Data excerpts:
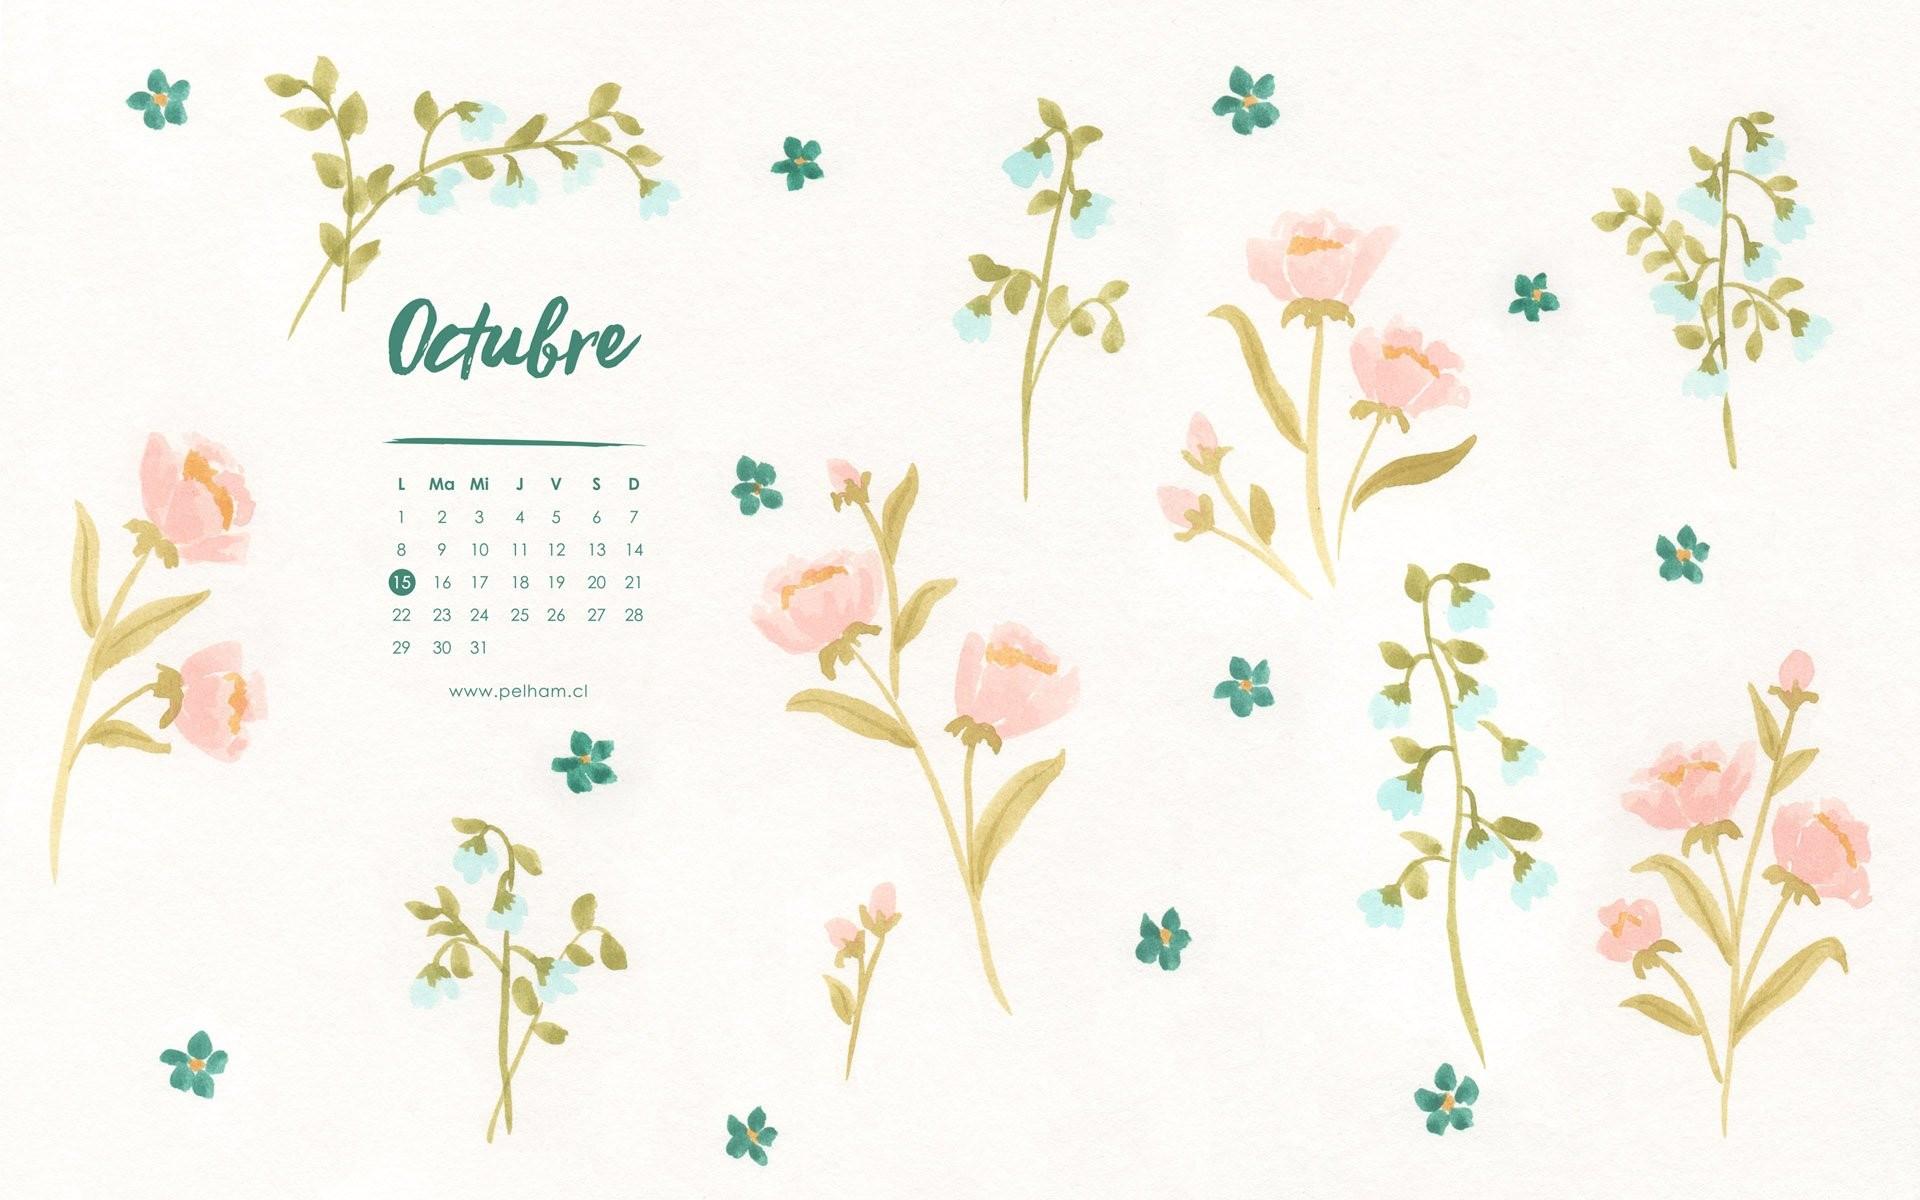 Calendario Octubre 2019 Chile Imprimir Más Recientes Wallpaper Octubre 2018 Pelham Goods Pelhamwpp
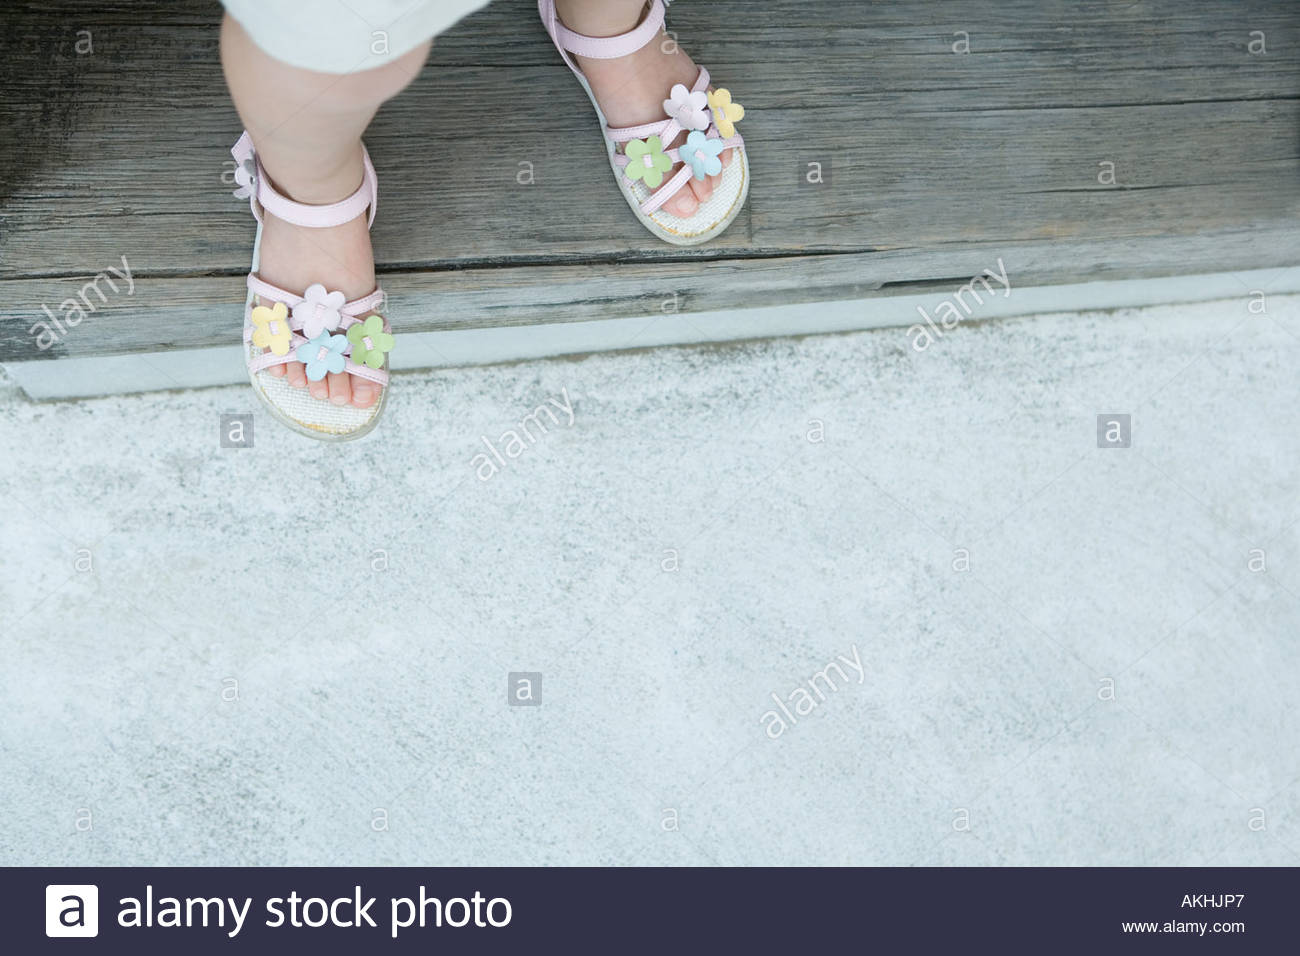 Chica que llevaba sandalias florales Imagen De Stock
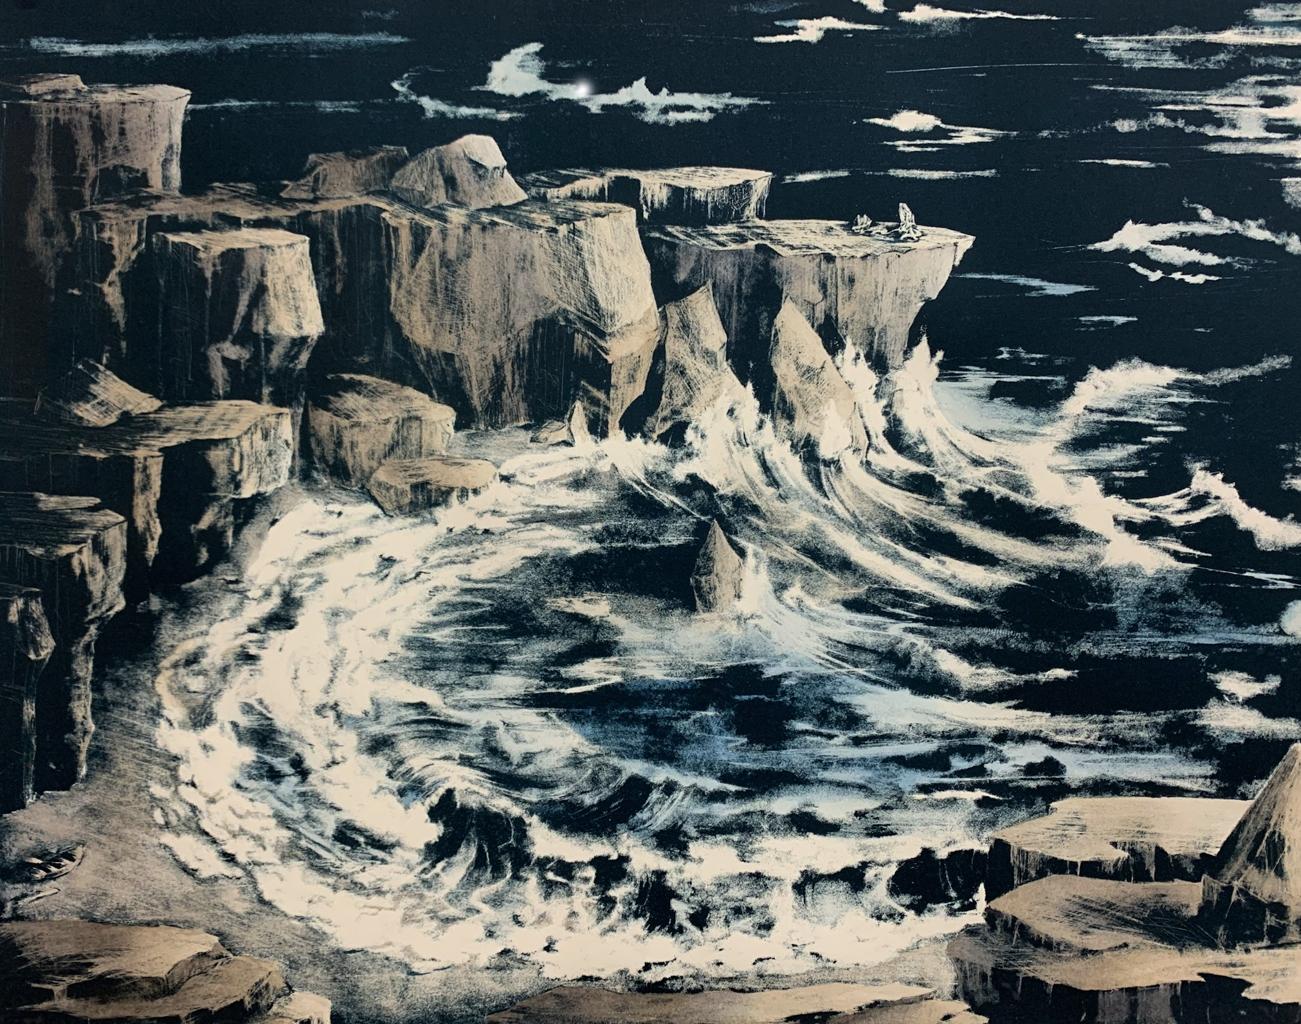 Claire Gustafson, Contemplate, Lithograph Print & Watercolor, 2021, 15.75 x 20
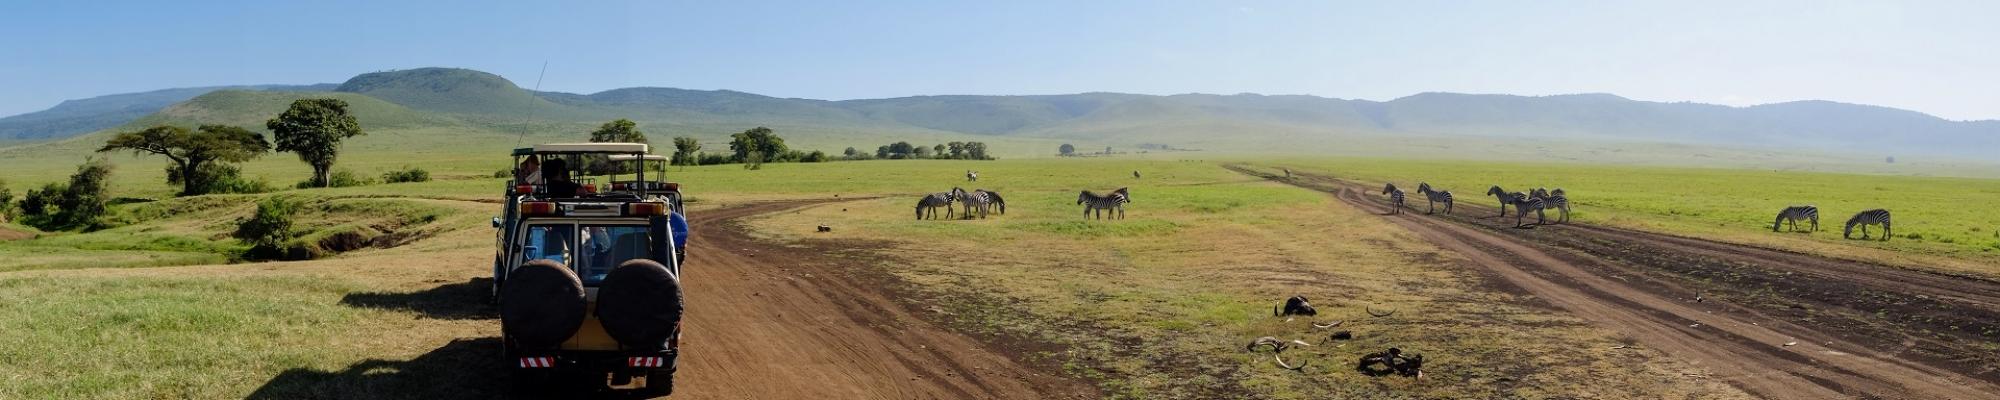 Safari Tanzanie en famille
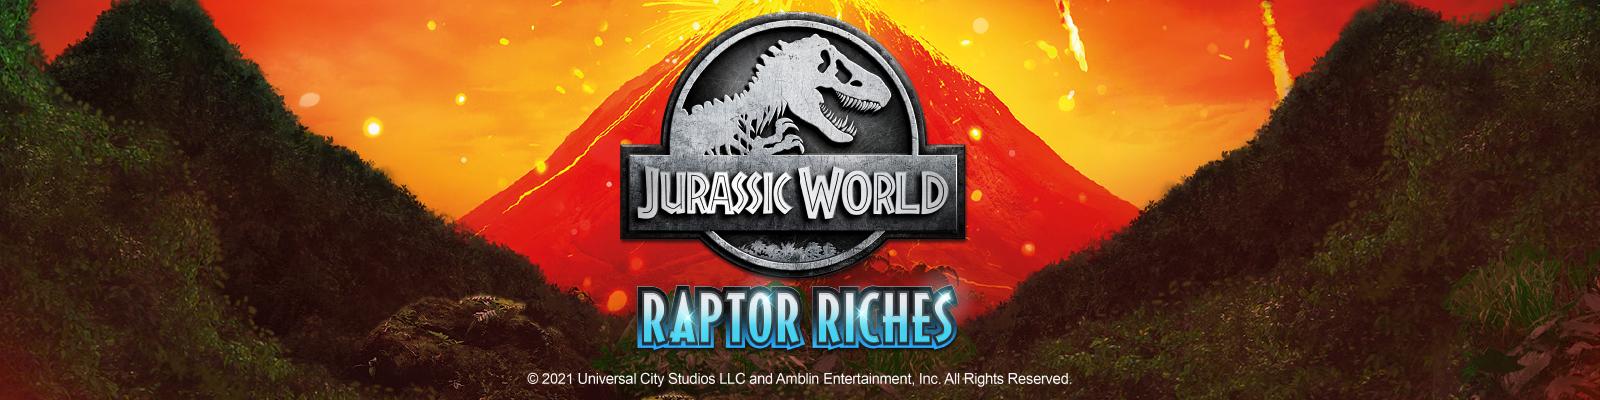 Jurassic World: Raptor Riches – Microgaming

__EXERCISE__
Could you reproduce the records above exactly, leaving out every picture?

__ANSWER BELOW__
 Calendario Octubre 2019 Chile Imprimir Más Recientes Wallpaper Octubre 2018 Pelham Goods Pelhamwpp
 Chica que llevaba sandalias florales Imagen De Stock
 Claire Gustafson, Contemplate, Lithograph Print & Watercolor, 2021, 15.75 x 20
 Safari Tanzanie en famille
 Jurassic World: Raptor Riches – Microgaming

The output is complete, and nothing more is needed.